- **EXERCISE GOAL**
I'd like the entire listing output verbatim, apart from the pictures.

- **THE DATA**

◇ ◇ ◇ ◇ ◇

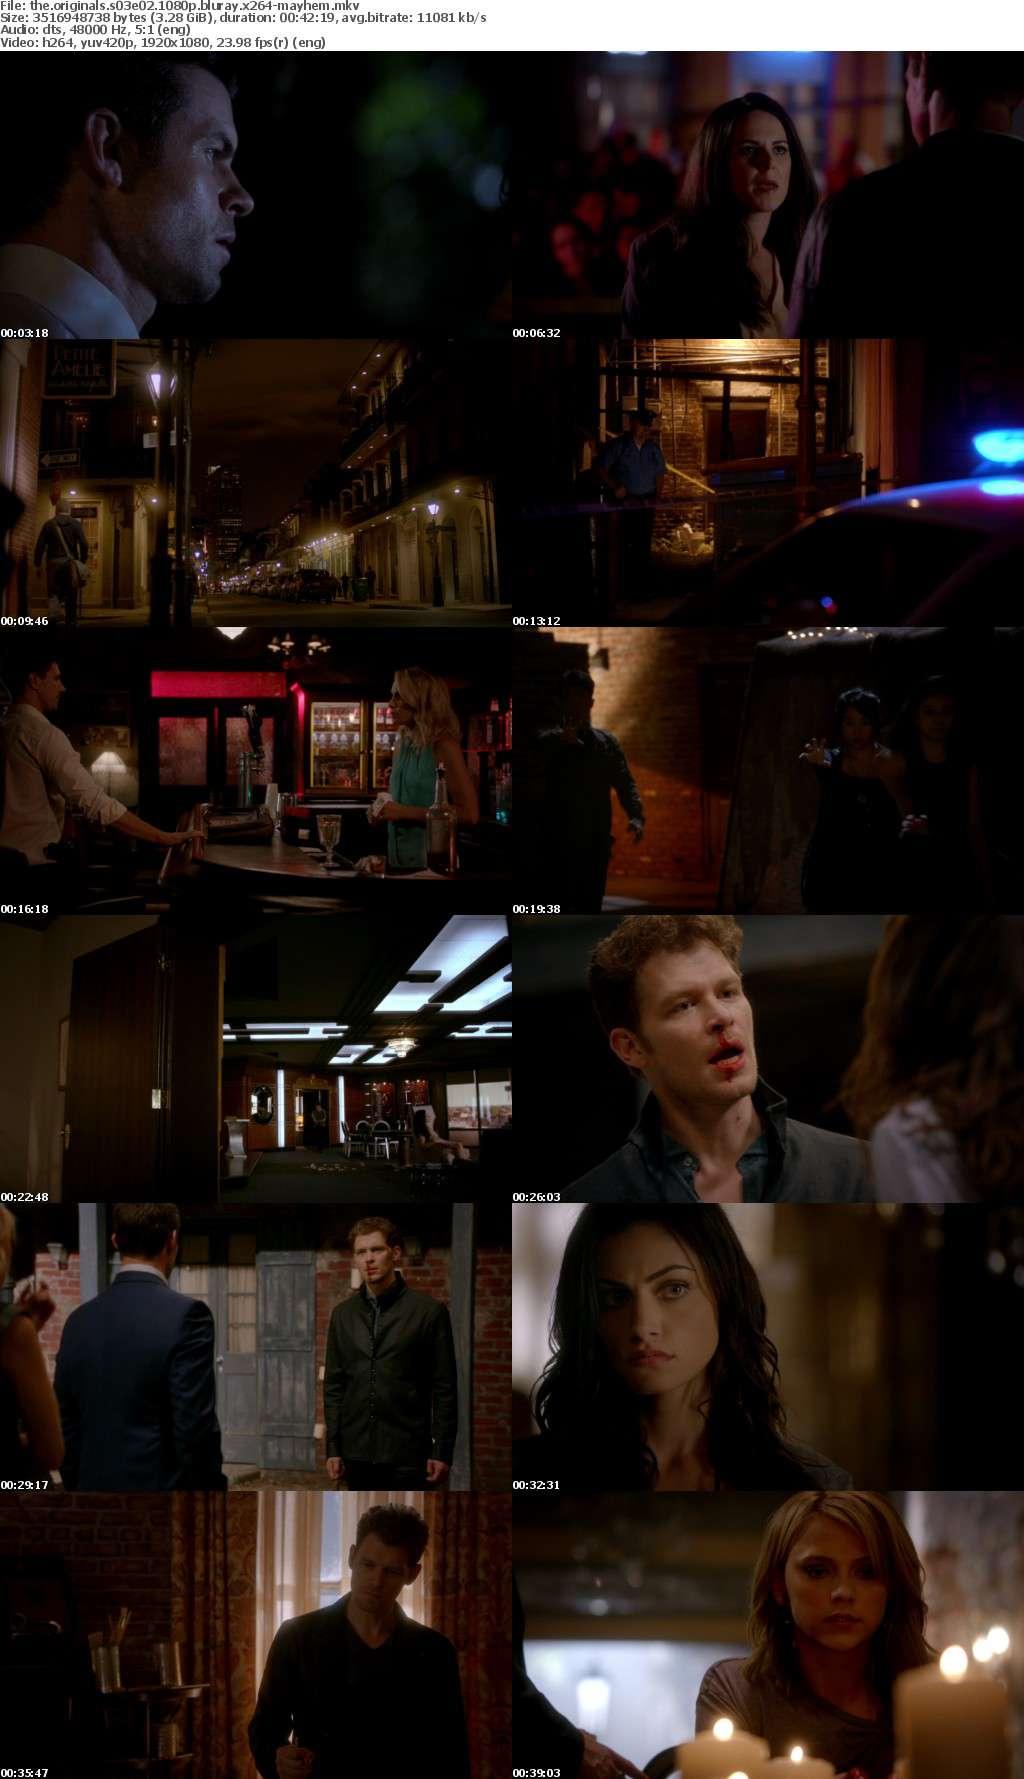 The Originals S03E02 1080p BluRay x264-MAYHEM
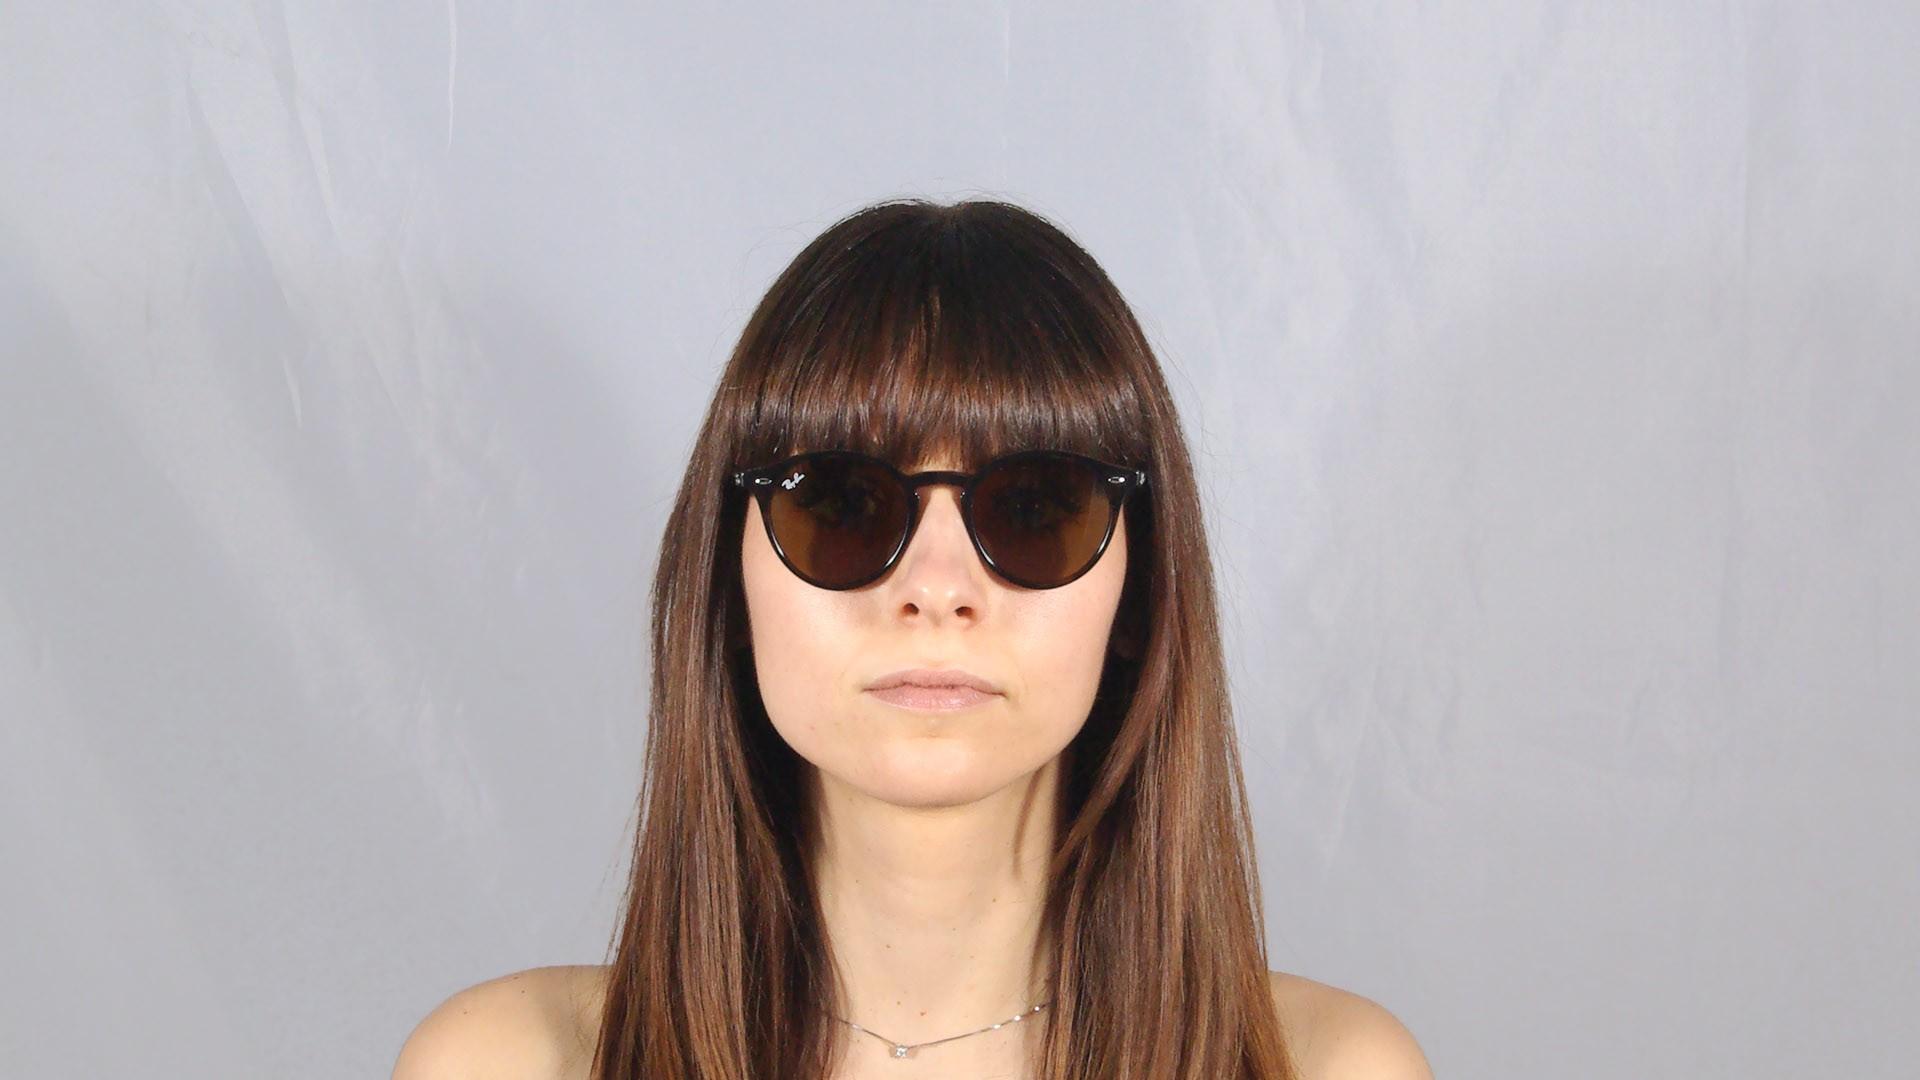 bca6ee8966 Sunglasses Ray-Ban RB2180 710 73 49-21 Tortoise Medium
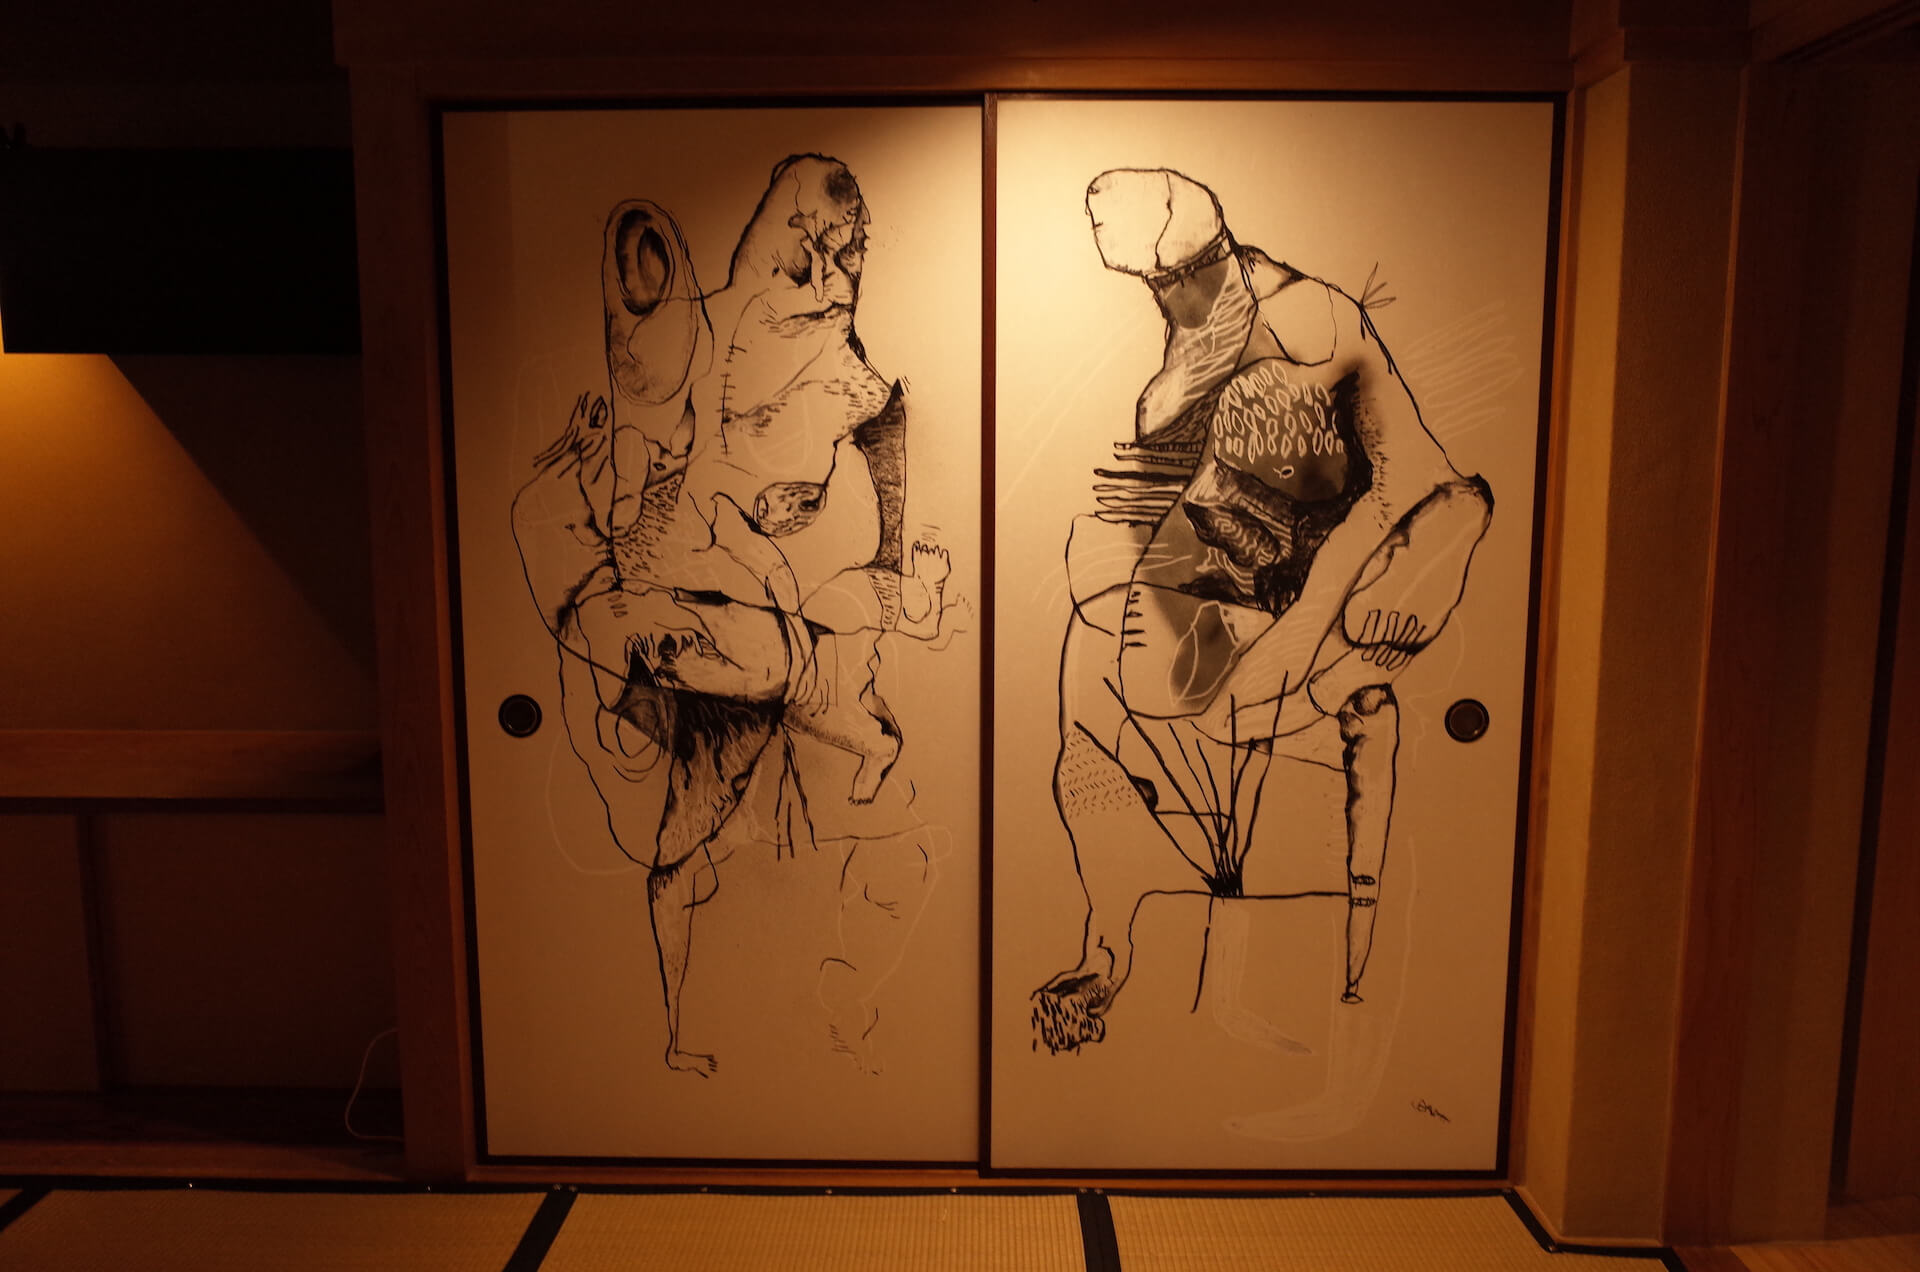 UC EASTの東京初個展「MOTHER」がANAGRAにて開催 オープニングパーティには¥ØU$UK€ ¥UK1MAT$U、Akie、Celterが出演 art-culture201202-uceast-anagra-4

◇ ◇ ◇ ◇ ◇

- **EXERCISE RESULT**
 The Originals S03E02 1080p BluRay x264-MAYHEM
 bca6ee8966 Sunglasses Ray-Ban RB2180 710 73 49-21 Tortoise Medium
 UC EASTの東京初個展「MOTHER」がANAGRAにて開催 オープニングパーティには¥ØU$UK€ ¥UK1MAT$U、Akie、Celterが出演 art-culture201202-uceast-anagra-4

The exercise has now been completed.